The phabricator repos themselves are broken:
amsa@C235:~$ git clone http://phabricator.wikimedia.org/source/editquality.git editquality-phab Cloning into 'editquality-phab'... warning: redirecting to https://phabricator.wikimedia.org/source/editquality.git/ remote: Counting objects: 3744, done. remote: Compressing objects: 100% (2644/2644), done. remote: Total 3744 (delta 1909), reused 2716 (delta 1054) Receiving objects: 100% (3744/3744), 3.77 MiB | 6.34 MiB/s, done. Resolving deltas: 100% (1909/1909), done. Downloading models/arwiki.damaging.gradient_boosting.model (378 KB) Error downloading object: models/arwiki.damaging.gradient_boosting.model (c1f9cb0): Smudge error: Error downloading models/arwiki.damaging.gradient_boosting.model (c1f9cb02bac12da3a421ee146c34a9fe7fa89a4993cd471d2f9bbd0ce977719d): batch response: Authorization error: http://phabricator.wikimedia.org/source/editquality.git/info/lfs/objects/batch Check that you have proper access to the repository Errors logged to /home/amsa/editquality-phab/.git/lfs/logs/20180906T173459.087885996.log Use `git lfs logs last` to view the log. error: external filter 'git-lfs filter-process' failed fatal: models/arwiki.damaging.gradient_boosting.model: smudge filter lfs failed warning: Clone succeeded, but checkout failed.
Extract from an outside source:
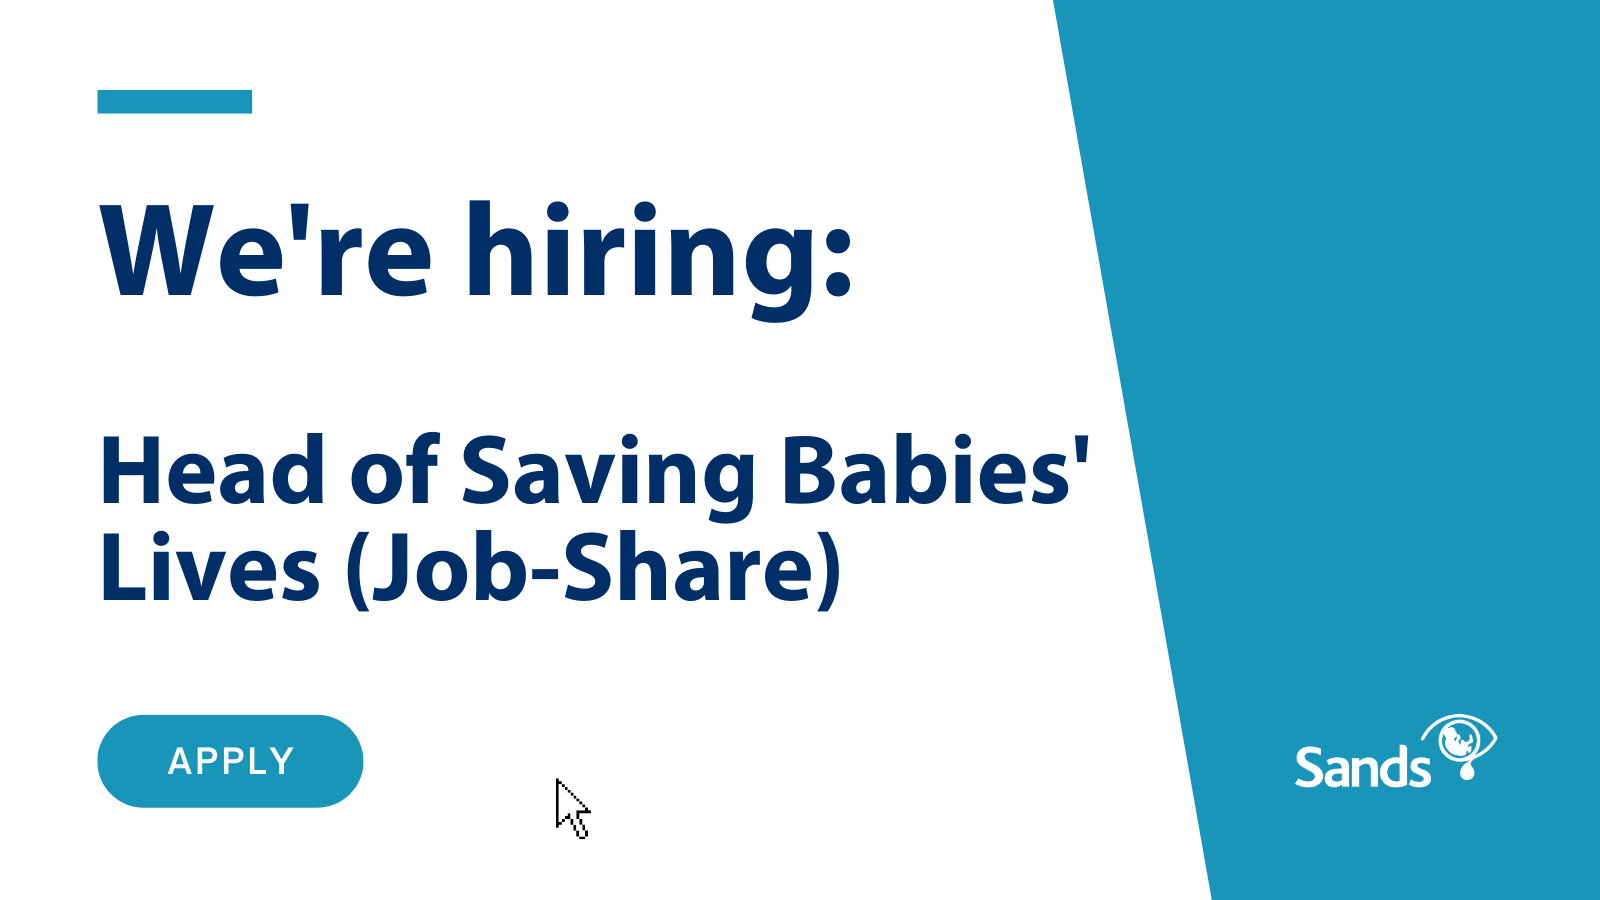 We are hiring Head of Saving Babies' Lives (Job-Share)

You can inspect what was checked out with 'git status' and retry the checkout with 'git checkout -f HEAD'
Phabricator doesn't have proper git-lfs support and I've been told not to put any resources into phabricator's git hosting infrastructure. I want to express my exasperation at this situation. I don't like it really at all. Unfortunately it simply isn't a priority and gerrit is apparently our only officially supported git service for now.